◆ WORK TASK: Once the line holding "C.R. Referrals Travel - Atenas Costa Rica" is found, output it and all remaining lines of the data exactly, with every picture left out.

◆ AVAILABLE DATA:

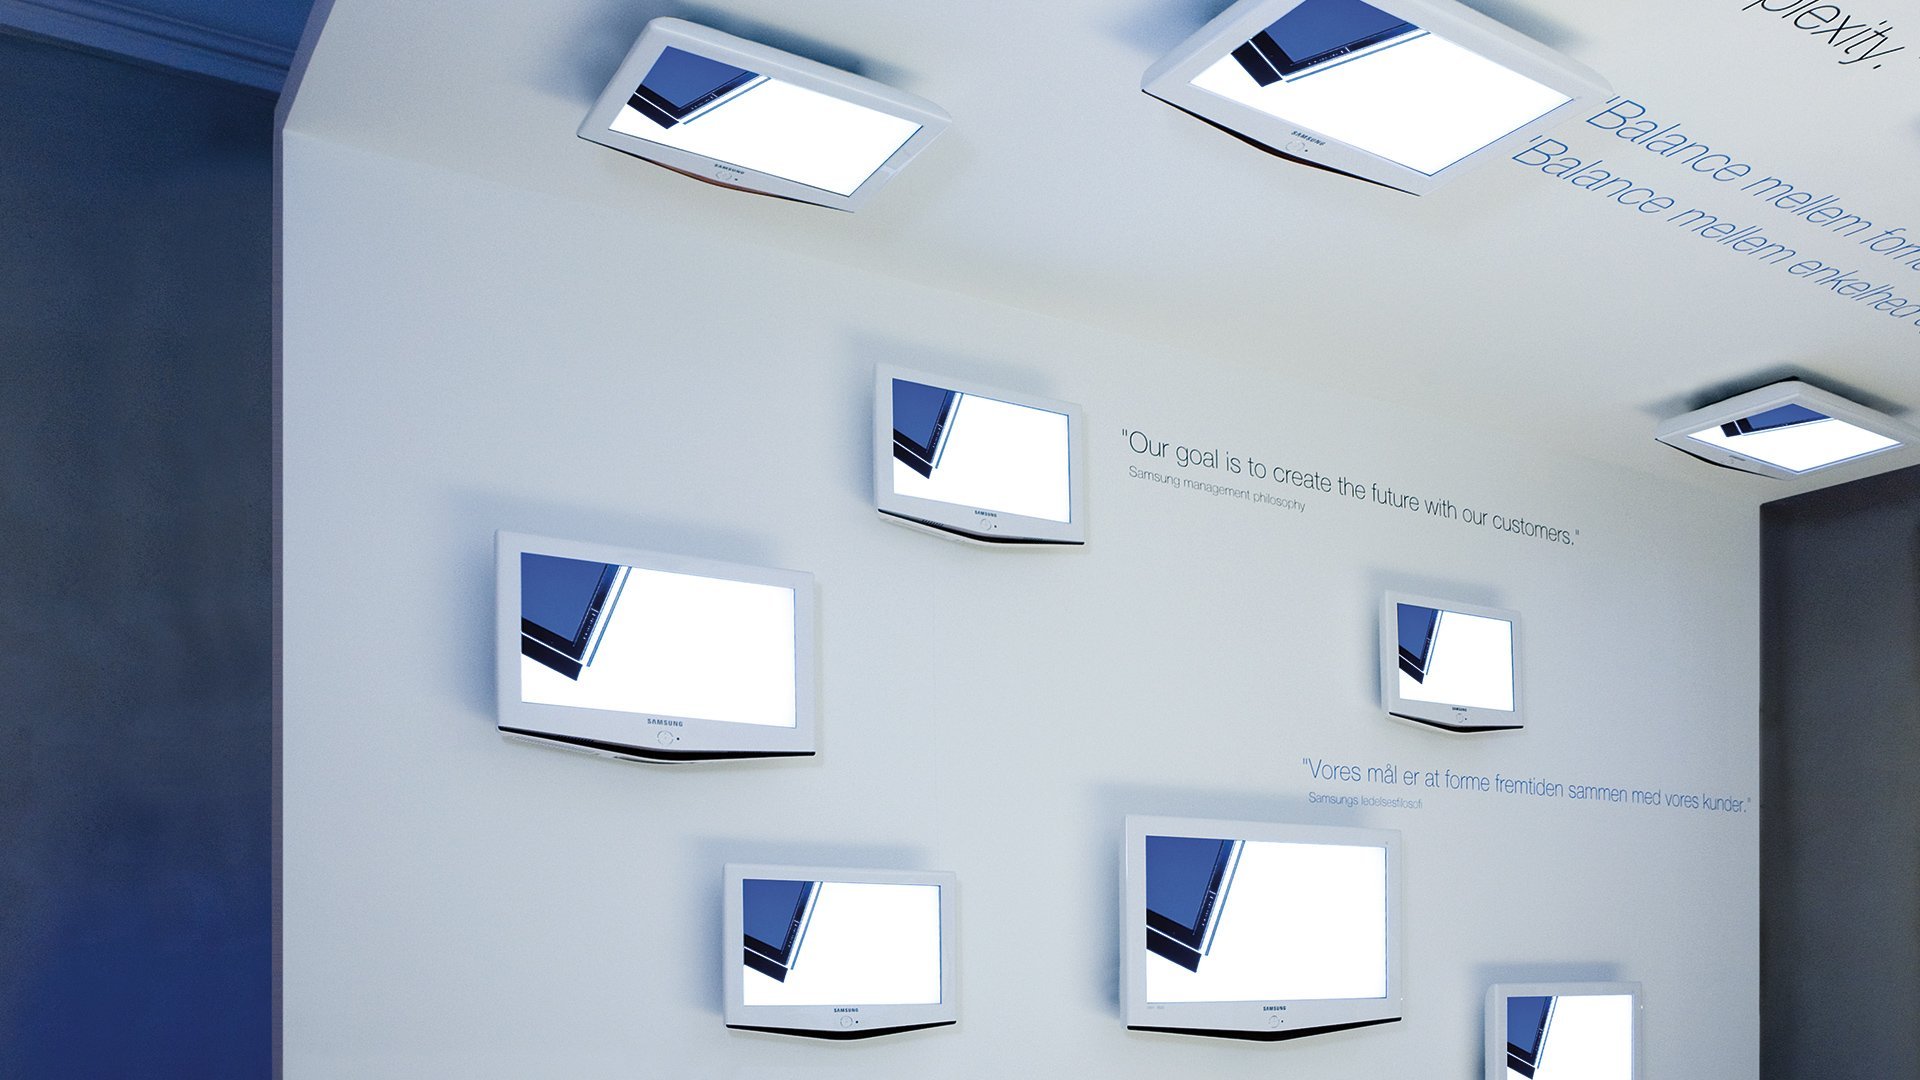 Samsung product image on display by LOOP Associates
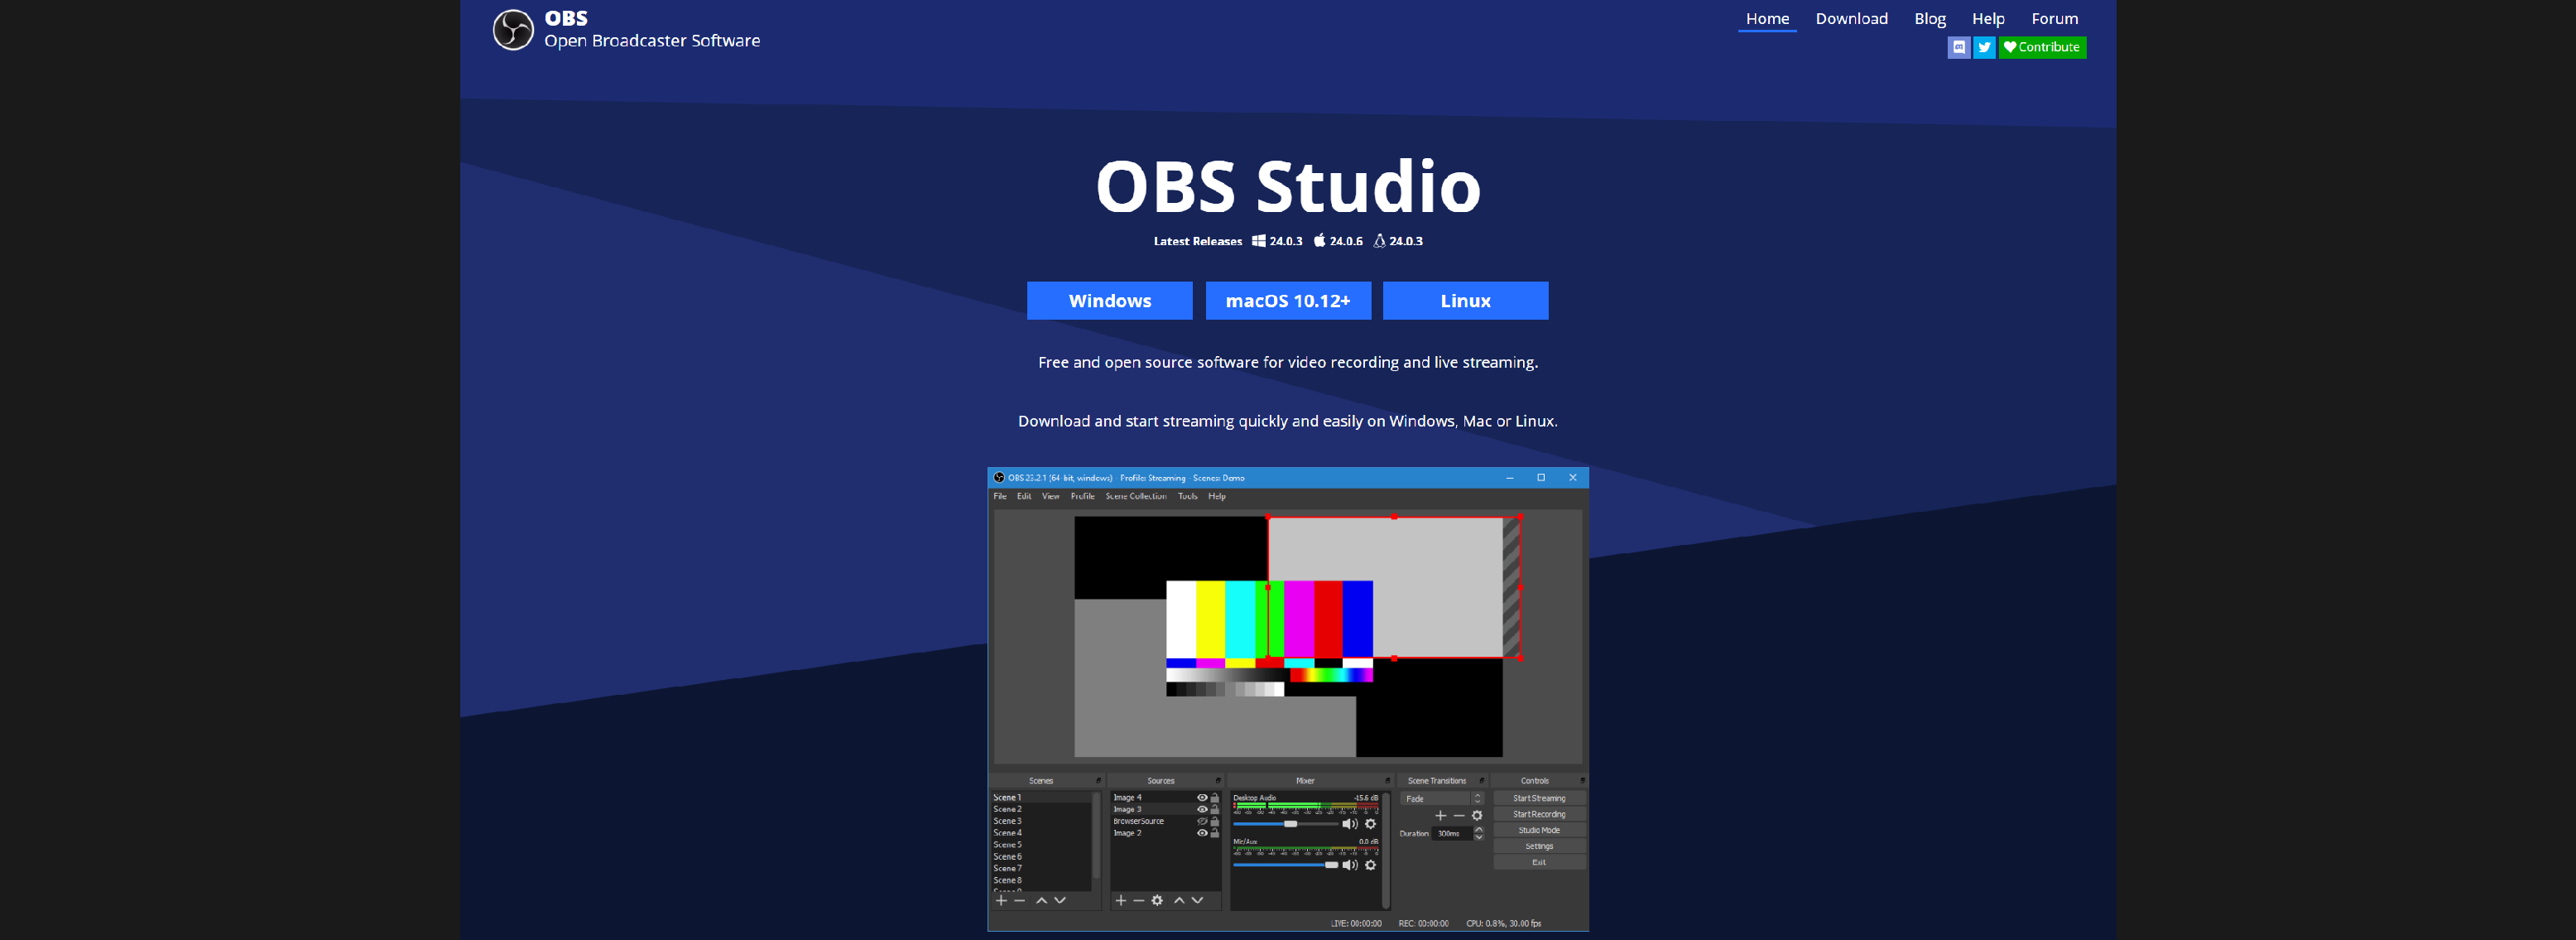 obs studio for windows 7
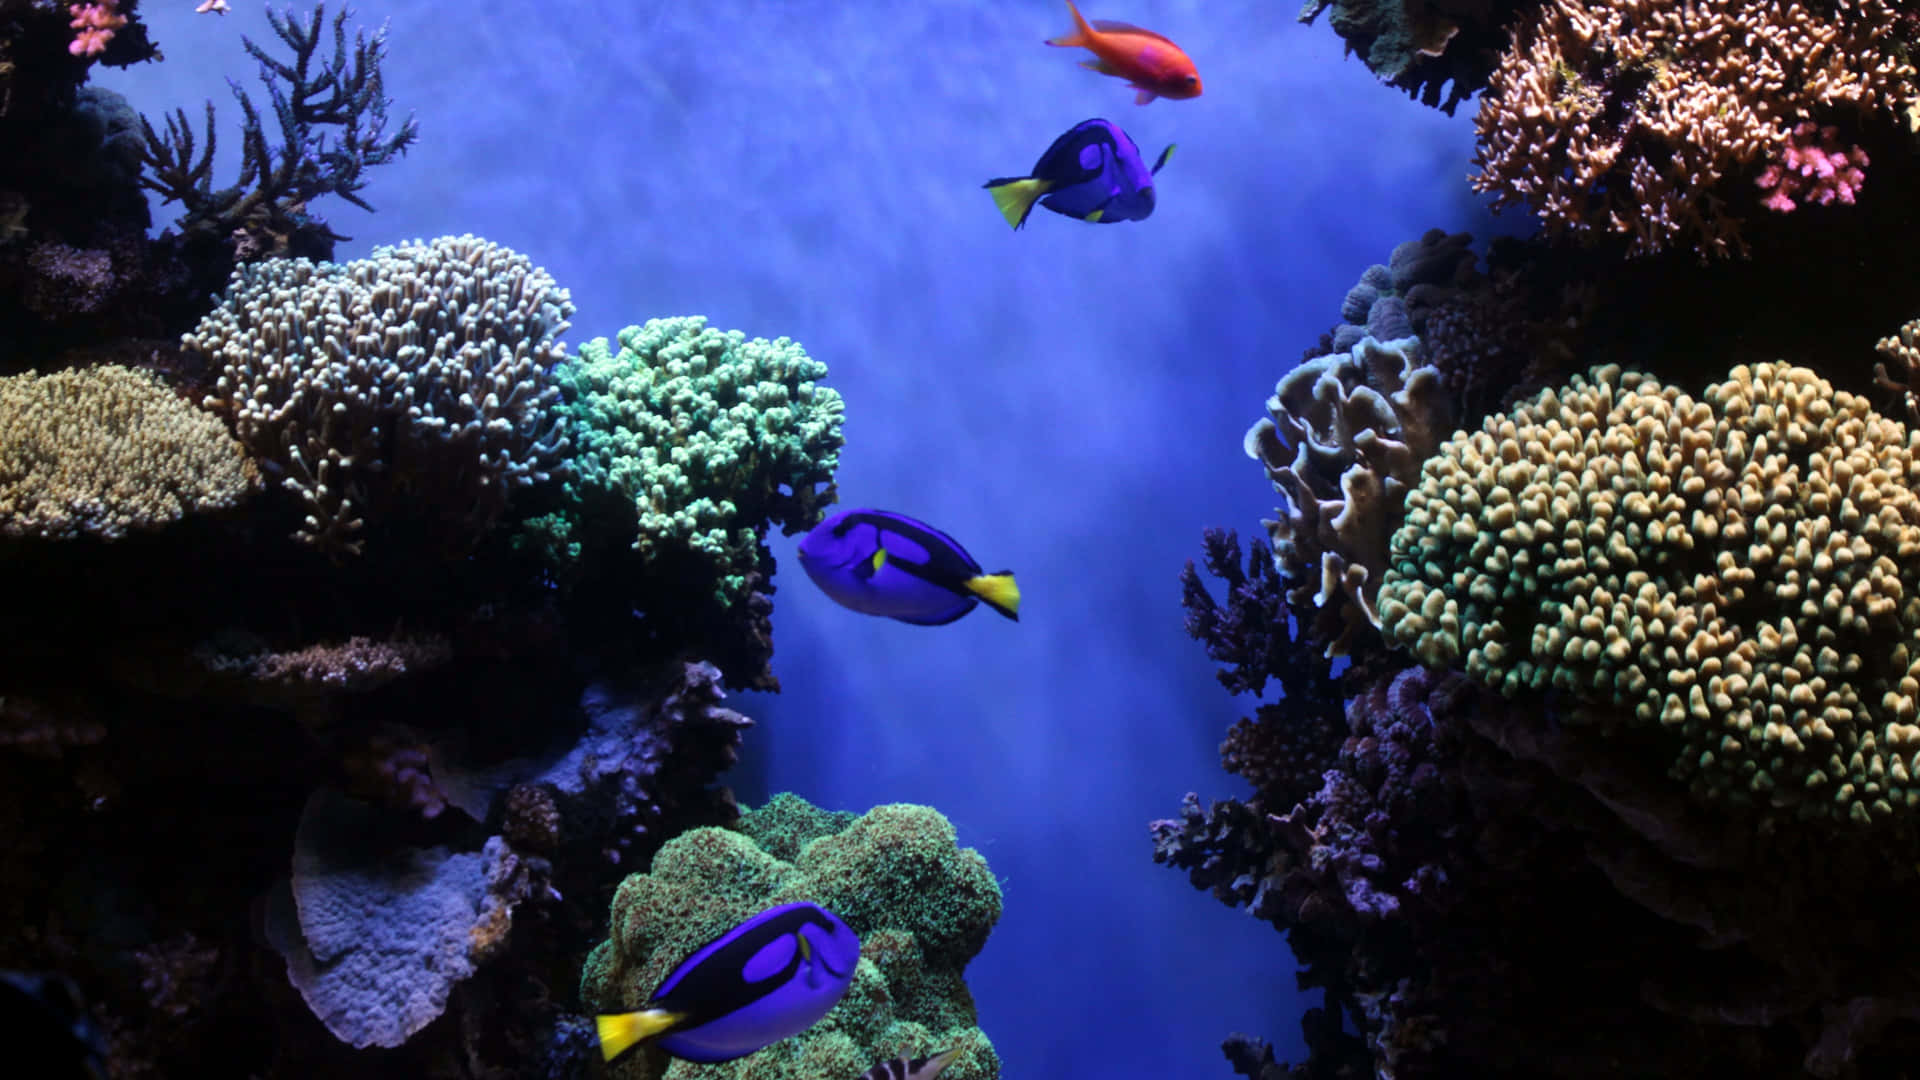 Majestuosoarrecife De Coral Con Un Colorido Fondo De Peces Fondo de pantalla
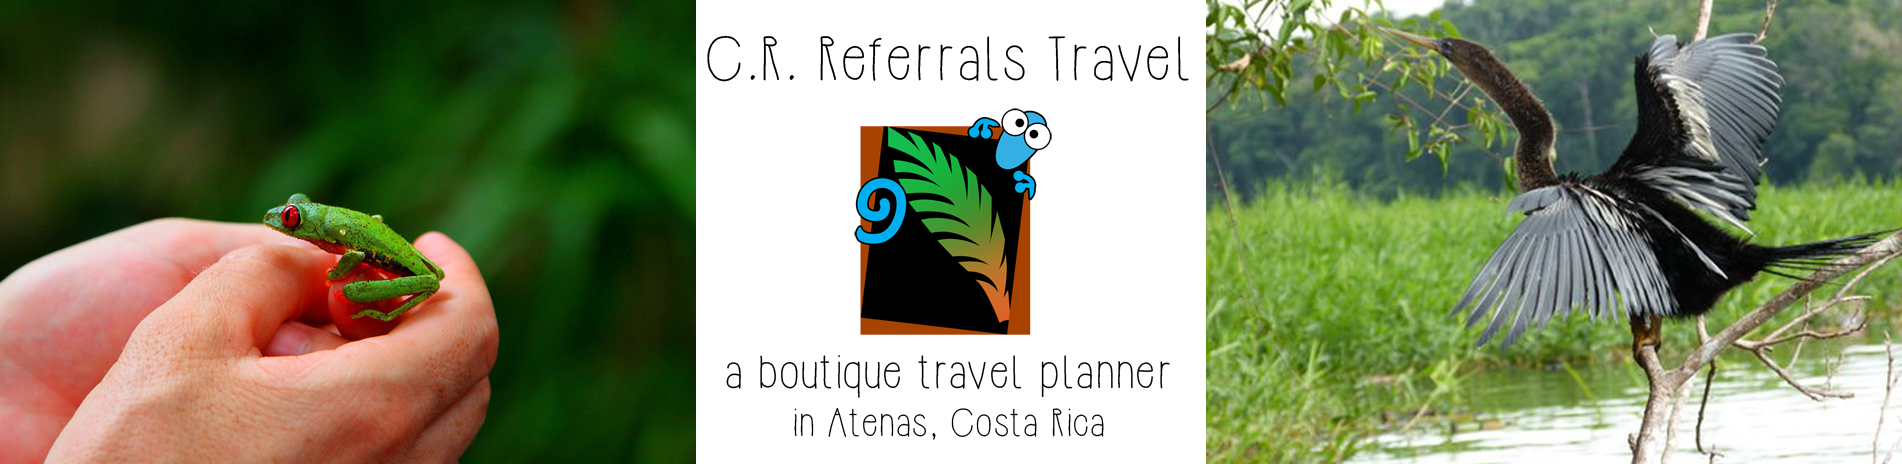 C.R. Referrals Travel - Atenas Costa Rica
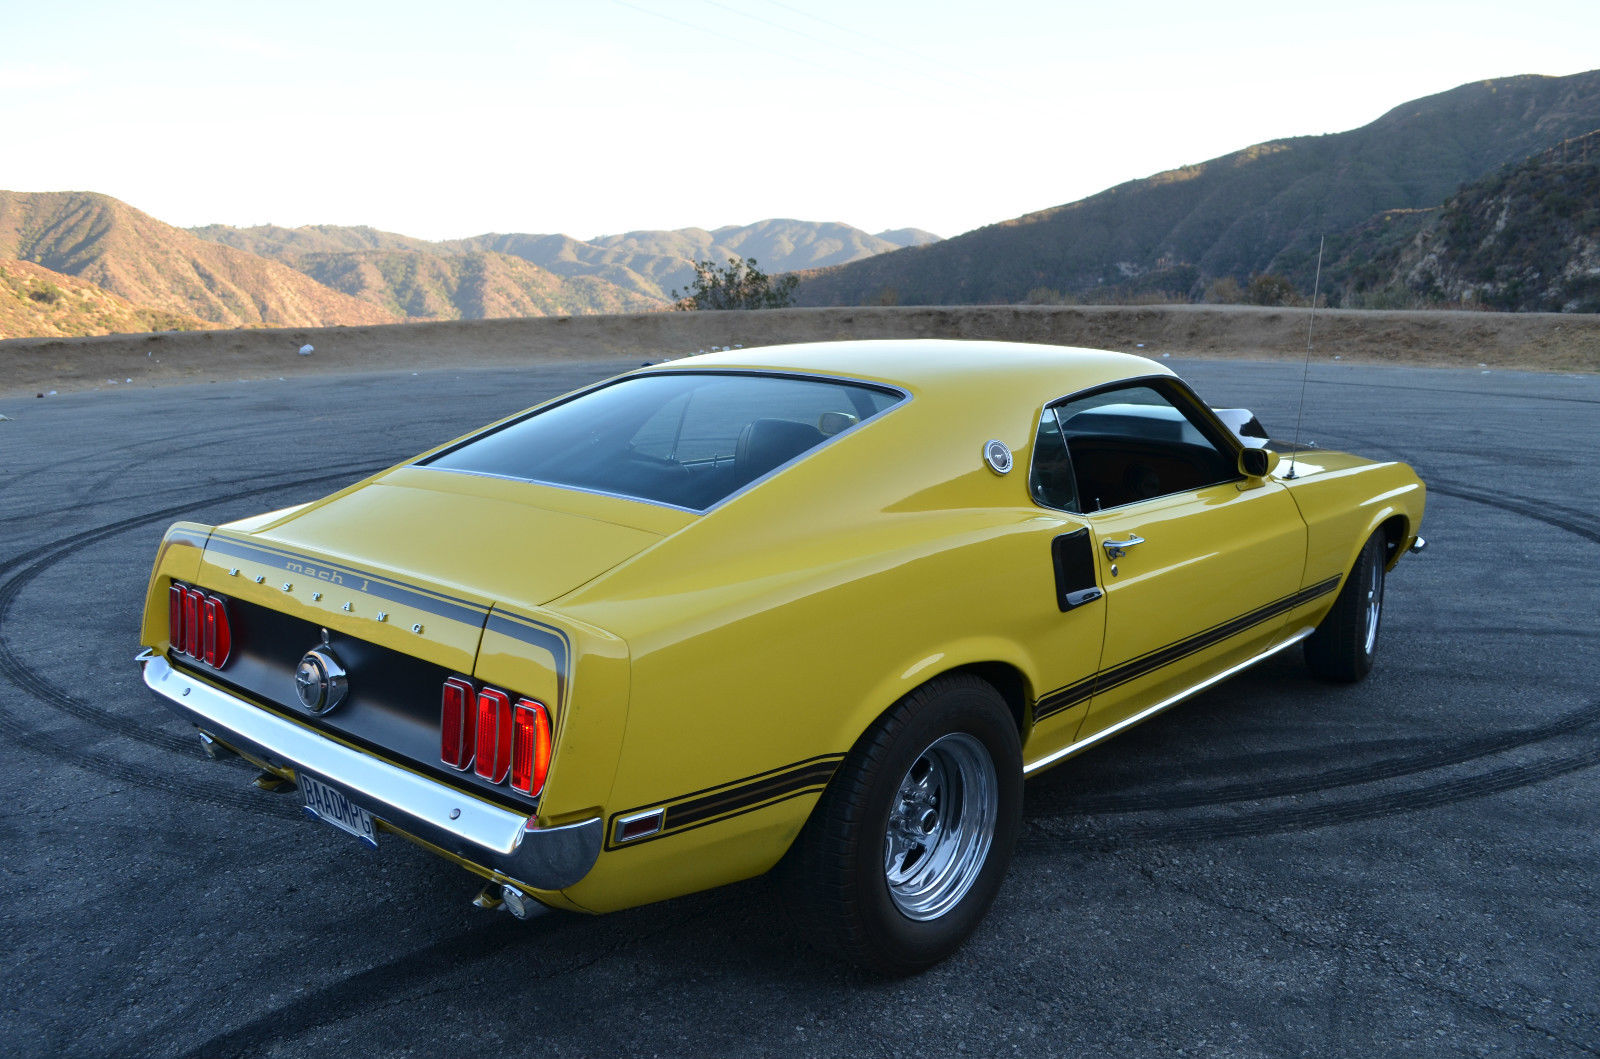 1969 Ford Mustang Boss 429 - характеристики, фото, цена.

◆ EXERCISE SOLUTION:
 C.R. Referrals Travel - Atenas Costa Rica
 1969 Ford Mustang Boss 429 - характеристики, фото, цена.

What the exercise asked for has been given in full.